What you return should be every line below, word for word, and none of the images.

§ **EXERCISE DATA**:
━━━

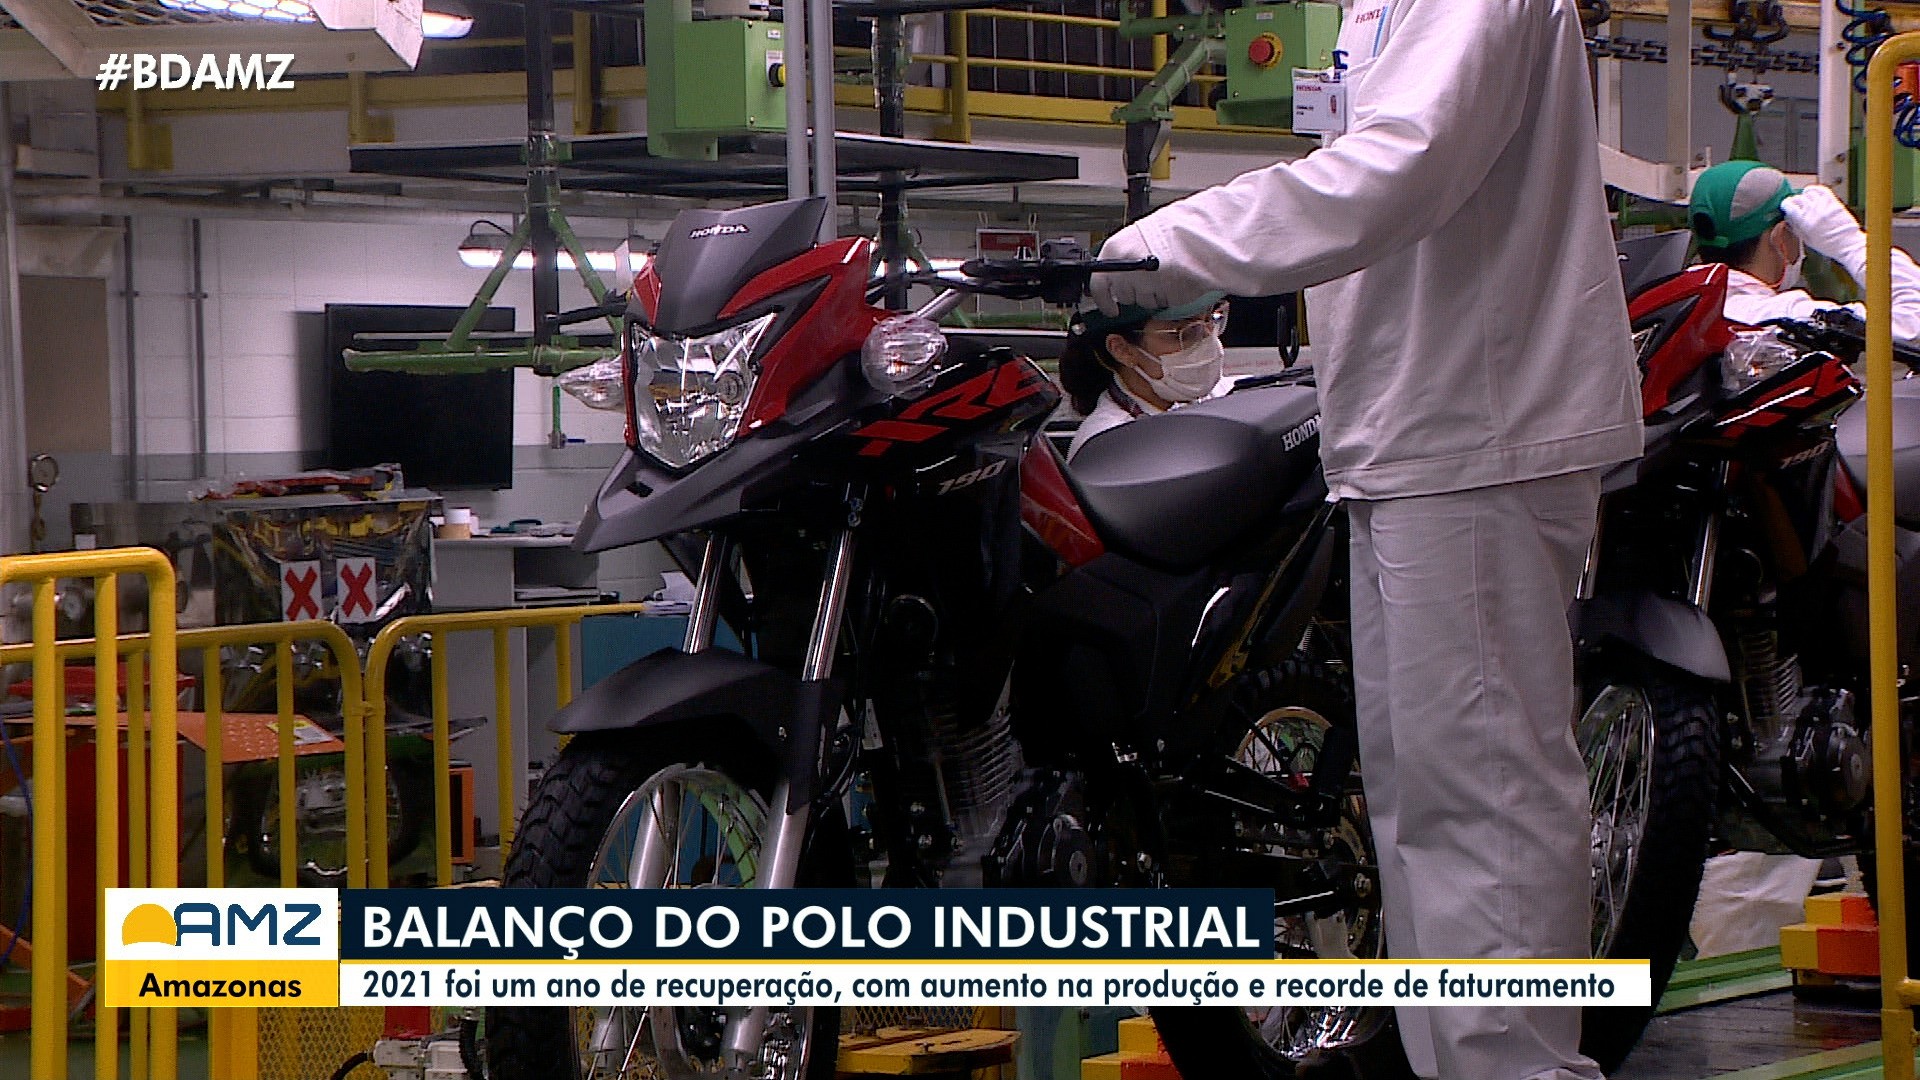 VÍDEOS: Em 2021, Polo Industrial de Manaus registra alta na produção e no faturamento; veja destaques do BDA
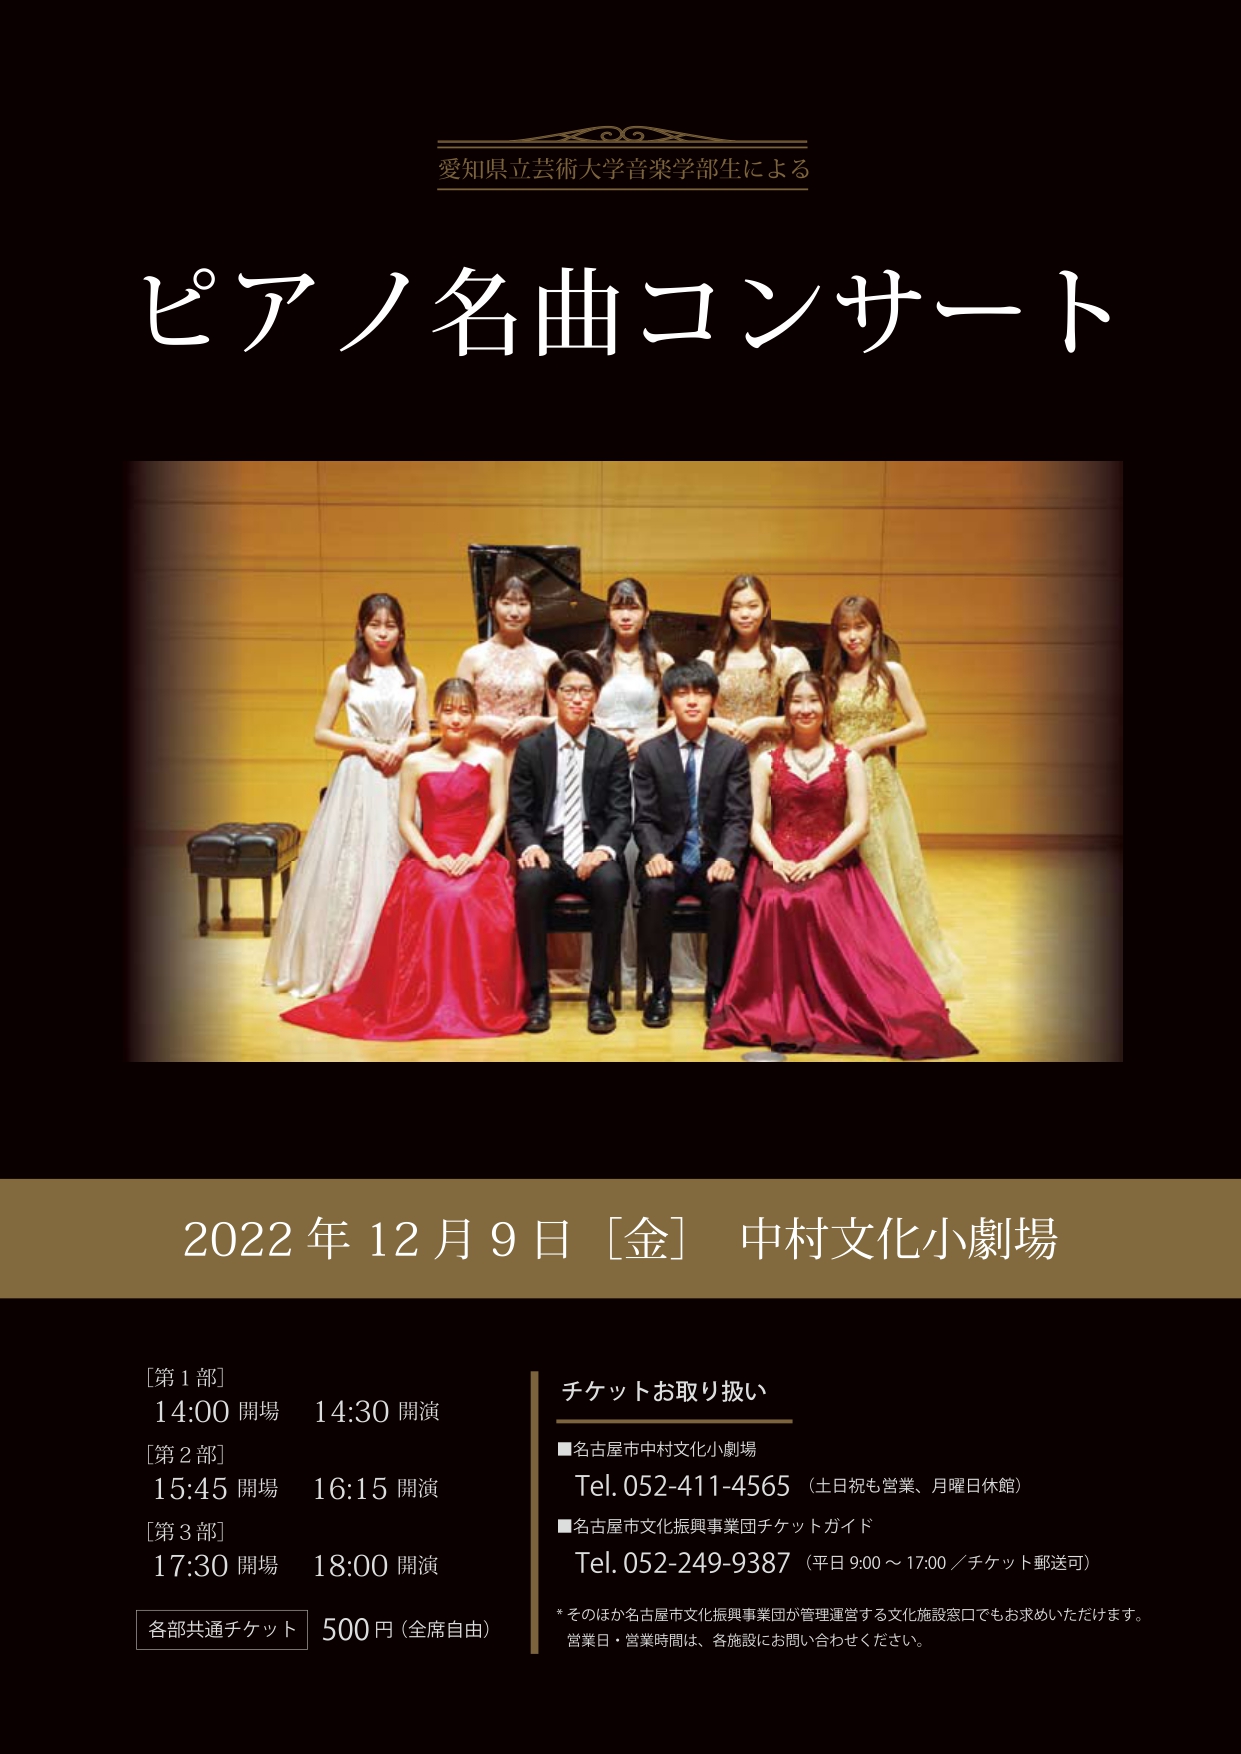 愛知県立芸術大学音楽学部生による ピアノ名曲コンサート 名古屋市文化振興事業団
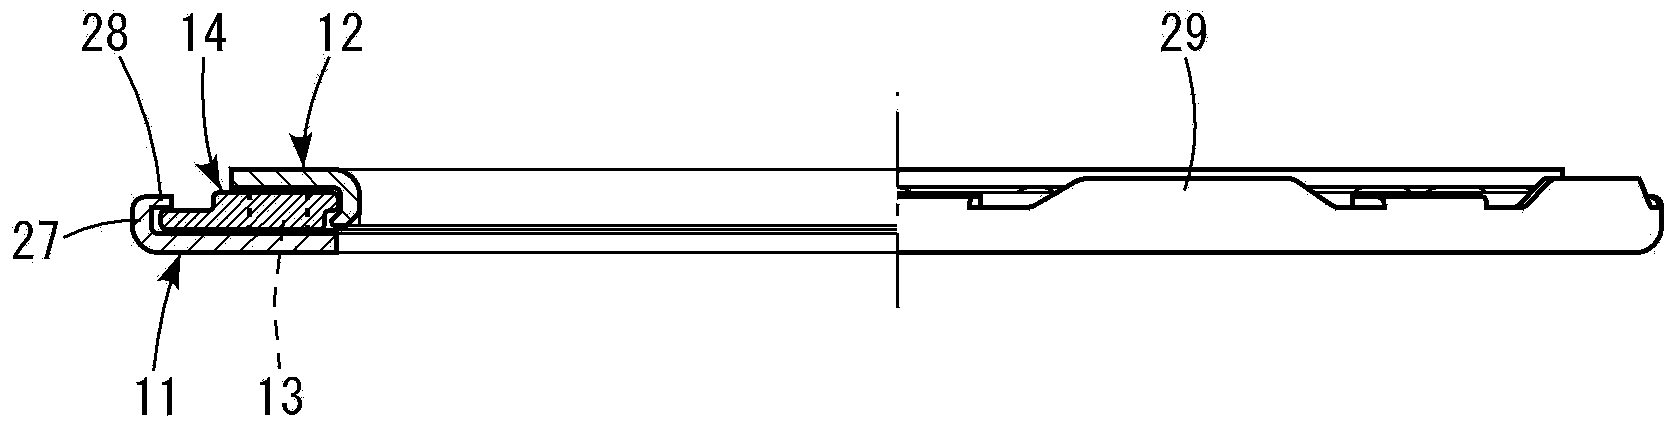 Thrust bearing holder and thrust bearing

━━━

§ **RESPONSE BELOW**:
 VÍDEOS: Em 2021, Polo Industrial de Manaus registra alta na produção e no faturamento; veja destaques do BDA
 愛知県立芸術大学音楽学部生による ピアノ名曲コンサート 名古屋市文化振興事業団
 Thrust bearing holder and thrust bearing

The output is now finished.